# Finding a probability function R (the remainder when divided by a distribution)

• Oct 22nd 2011, 02:47 PM
KelvinScale
Finding a probability function R (the remainder when divided by a distribution)
Hi everyone, I am really unsure of how to do this question.

Let X have a geometric distribution with f(x) = p(1-p)^x for x = 0,1,2,....
Find the probability function of R, the remainder when X is divided by 4.

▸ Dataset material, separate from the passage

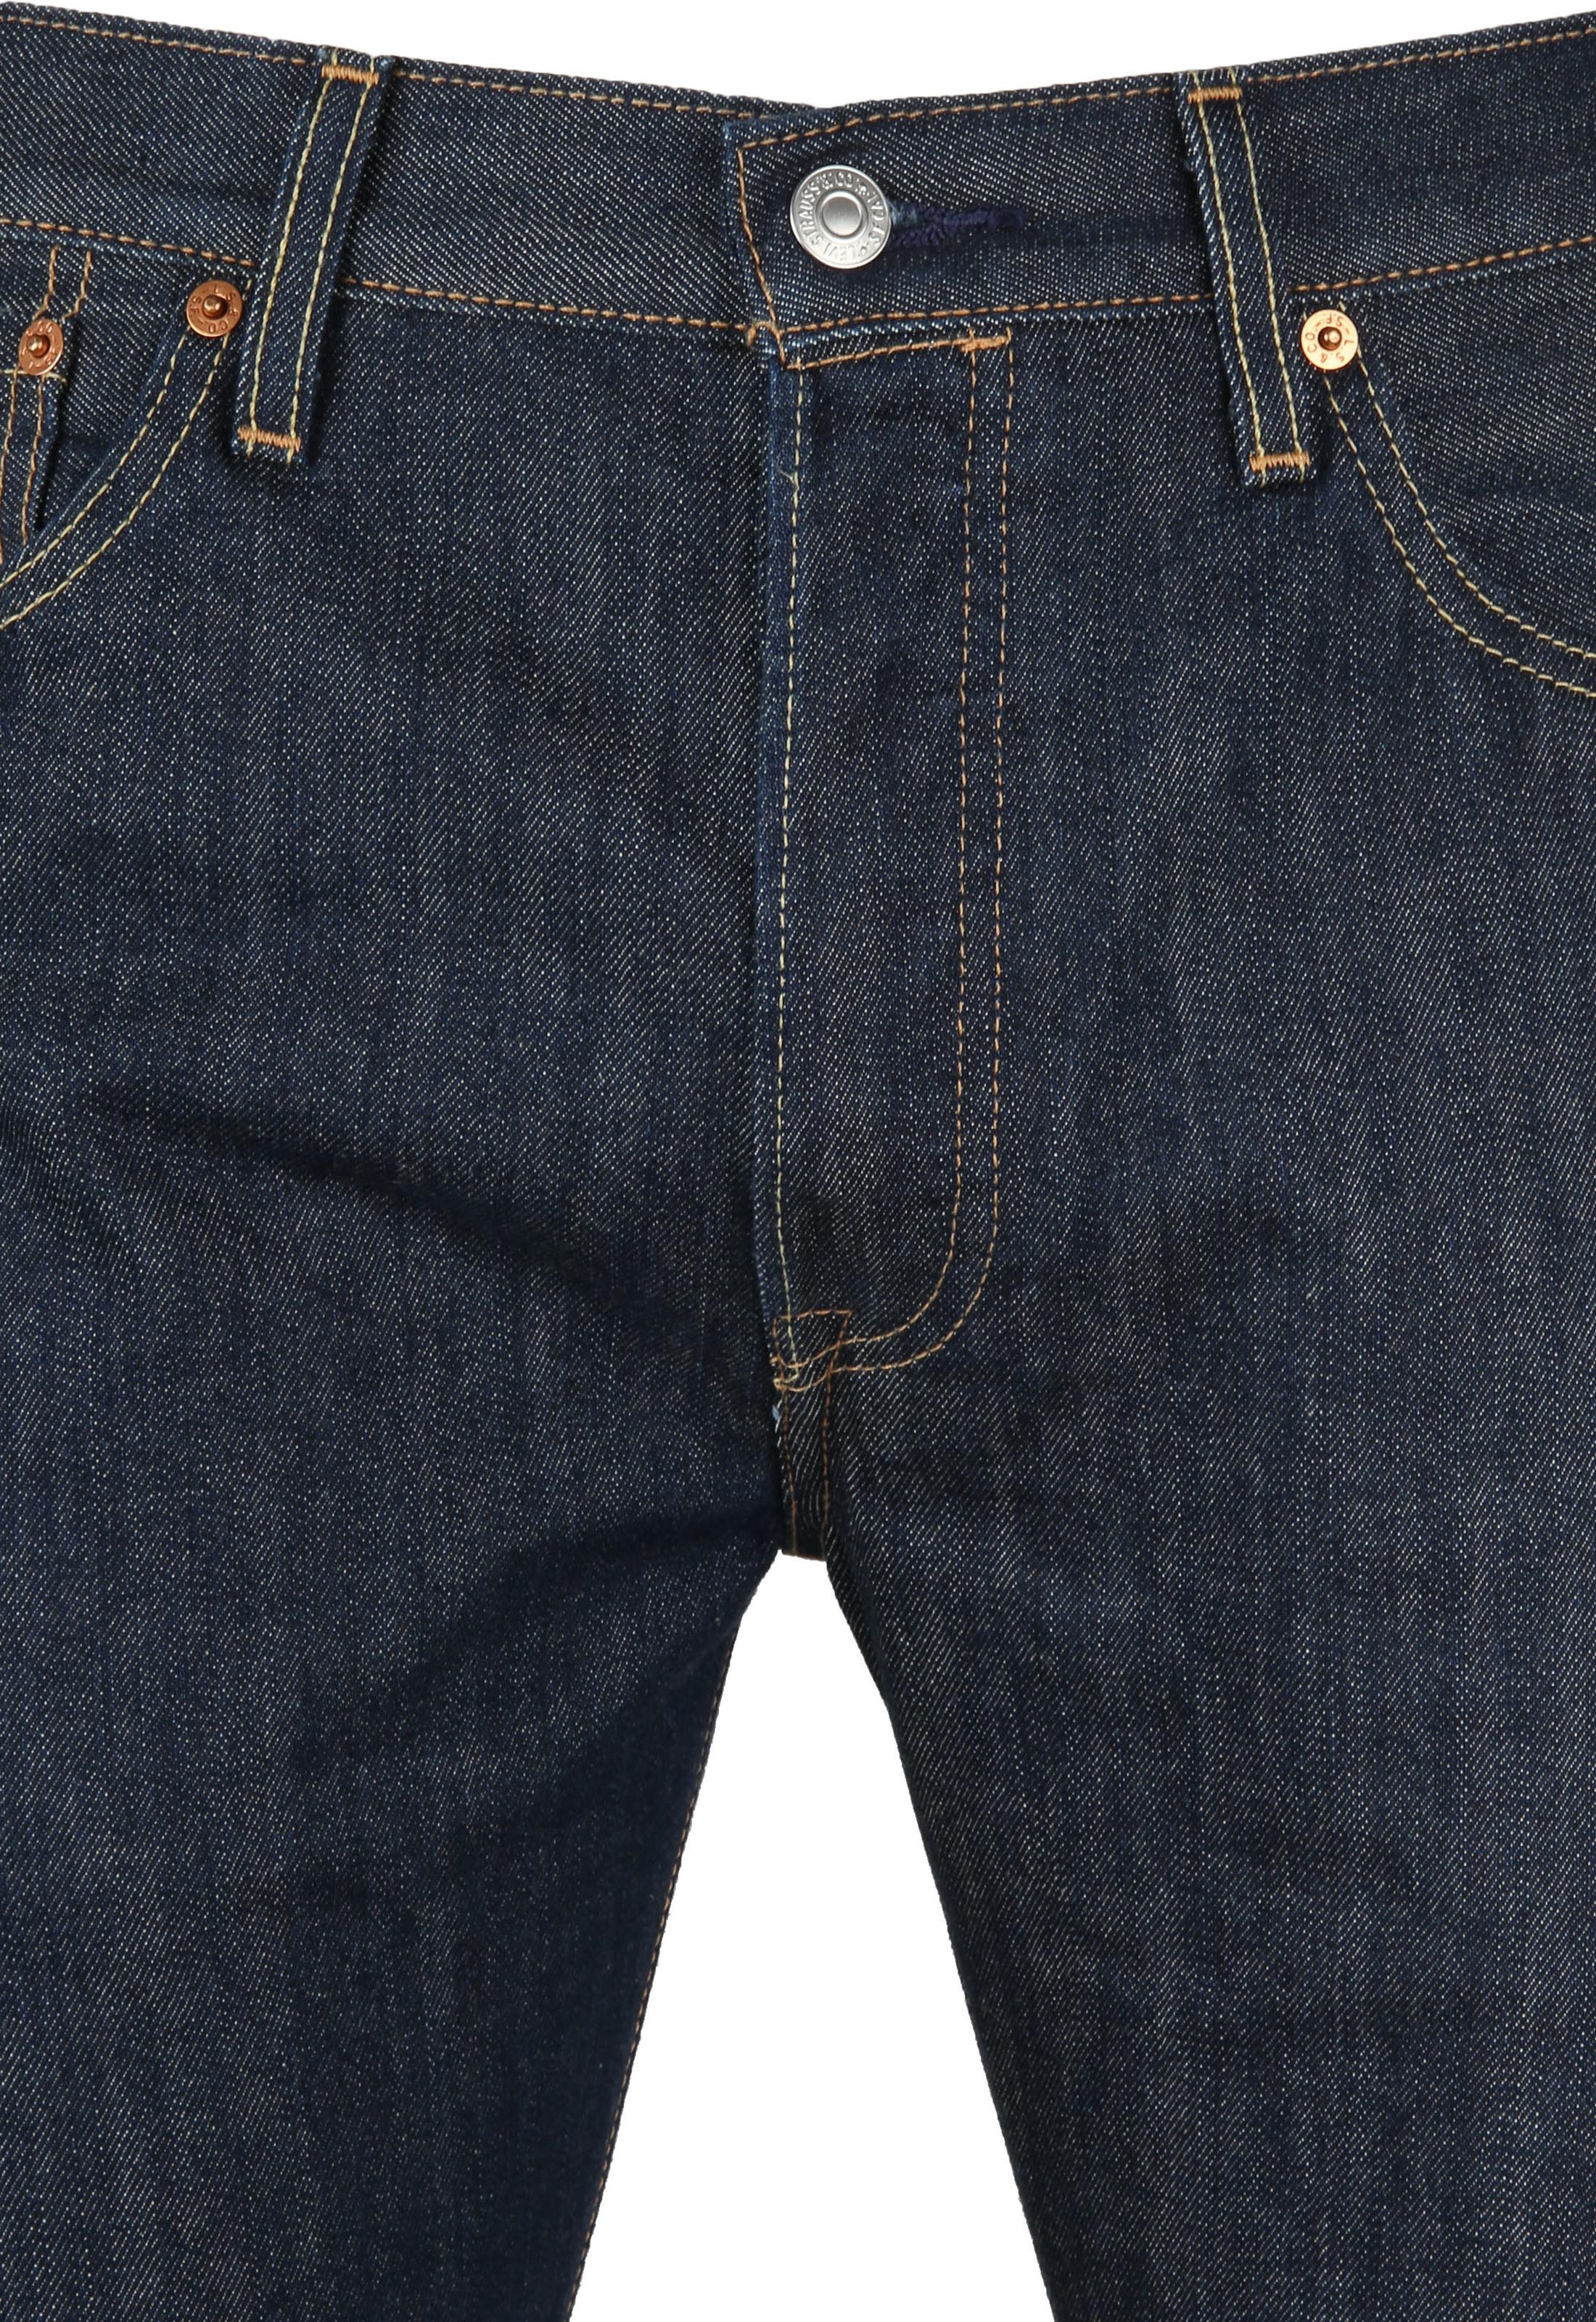 Levi s Jeans 501 Original Fit 0162 00501-0162 Marlon order online ... d3bb762de8f96

I don't know where to start, but I'm suspecting that you would construct a geometric series with r, and find an expression for f(r)... Not really sure.

• Oct 22nd 2011, 04:10 PM
emakarov
Re: Finding a probability function R (the remainder when divided by a distribution)
If $\displaystyle 0\le r < 4$, then $\displaystyle P(R = r) = P(X = r) + P(X = 4 + r) + P(X = 8 + r) + \dots =$$\displaystyle p(1 - p)^r + p(1 - p)^{4+r} + p(1 - p)^{8+r} + \dots$, which is a geometric series.
• Oct 22nd 2011, 04:16 PM
KelvinScale
Re: Finding a probability function R (the remainder when divided by a distribution)
So taking that geometric series, I can find the sum of the geometric series,which will express P (R = r)?

That is, we have P (R = r) = p(1-p)^r/ 1-((1-p)^4+r)) ?

THanks!
• Oct 22nd 2011, 04:31 PM
emakarov
Re: Finding a probability function R (the remainder when divided by a distribution)
Quote:

Originally Posted by KelvinScale
That is, we have P (R = r) = p(1-p)^r/ 1-((1-p)^4+r)) ?

There is no +r in the exponent: $\displaystyle P(R = r) =\frac{p(1-p)^r}{1-(1-p)^4}$.